First, it would confirm much of our short thesis that we have been adamant about over the last year. Second, it would actually make the price of the company cheaper which may entice an acquirer like Sirius XM to potentially make a bid. People need to realize that when a stock is at $7, paying $10 or $11 per share is a monster premium. What a stock is at $13, paying $15 or $16 is far less of a premium. As this stock price declines, it becomes significantly easier for potential acquirers to make a very cheap bid for the company while still offering what, at the time, would be a substantial premium for shareholders. The potential acquirer gets all of the leverage as the stock price moves lower. This is what would make us want to be as patient as possible and wait out Pandora.

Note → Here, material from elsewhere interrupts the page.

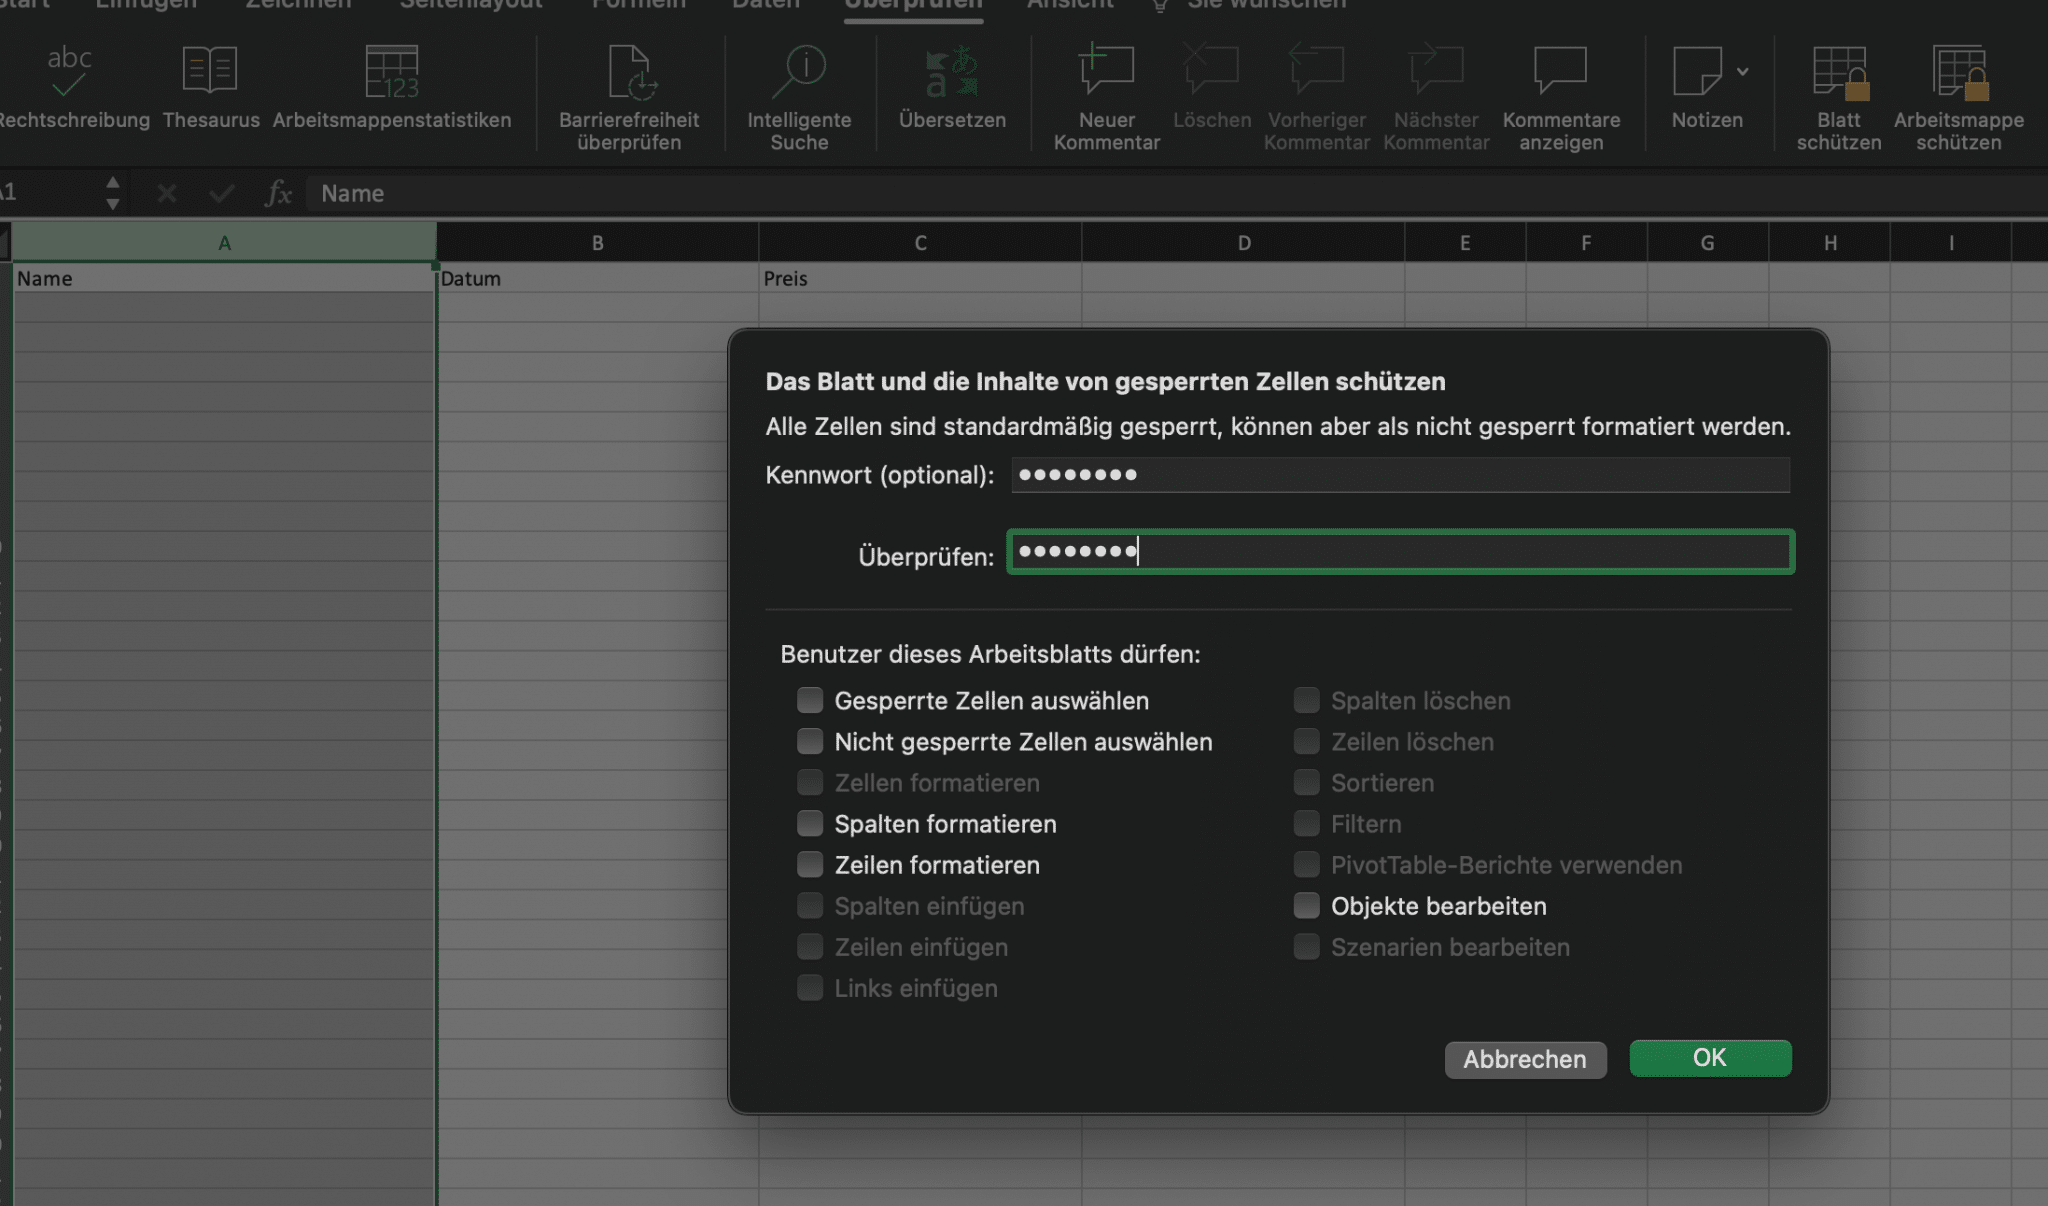 Excel Blattschutz Kennwort eingeben

As we have said in the past, we just don't think Pandora is going to be able to command a premium valuation and a large premium to market in a buyout situation. The company already is down more than 80% from its highs and it is now peddling a technology that runs a distant second to serious competitors like Apple (NASDAQ:AAPL) and Google (NASDAQ:GOOG) (NASDAQ:GOOGL). The company has very little leverage in a potential acquisition scenario. It now has debt to worry about. When they point to a potential acquirer and tell them that they recently just made Q4 numbers, that acquirer is going to make the same argument that we made in our last article and tell the company that if they were growing the way that they should have been, layoffs would not be necessary to make numbers. In fact, if there was a large growth runway, EPS numbers wouldn't even be scrutinzed the way they are now. People want results because the time to grow is over. Next, attention will turn to the balance sheet, which is showing leverage for the first time.
Without the company having any real substantial bargaining leverage, we expect potential acquirers to be in full control when and if the time comes for the company to be bought out. If we absolutely had to invest in Pandora, our strategy would be to wait until the company is well into the single digits and then reconsider based on operating metrics and price. We would perhaps be inclined to make a purchase of Pandora at around seven dollars or eight dollars per share, but we can't see ourselves following (chasing) Friday's after hours action and buying the company here in the low to mid teens.
Disclosure: I/we have no positions in any stocks mentioned, and no plans to initiate any positions within the next 72 hours.
I wrote this article myself, and it expresses my own opinions. I am not receiving compensation for it (other than from Seeking Alpha). I have no business relationship with any company whose stock is mentioned in this article.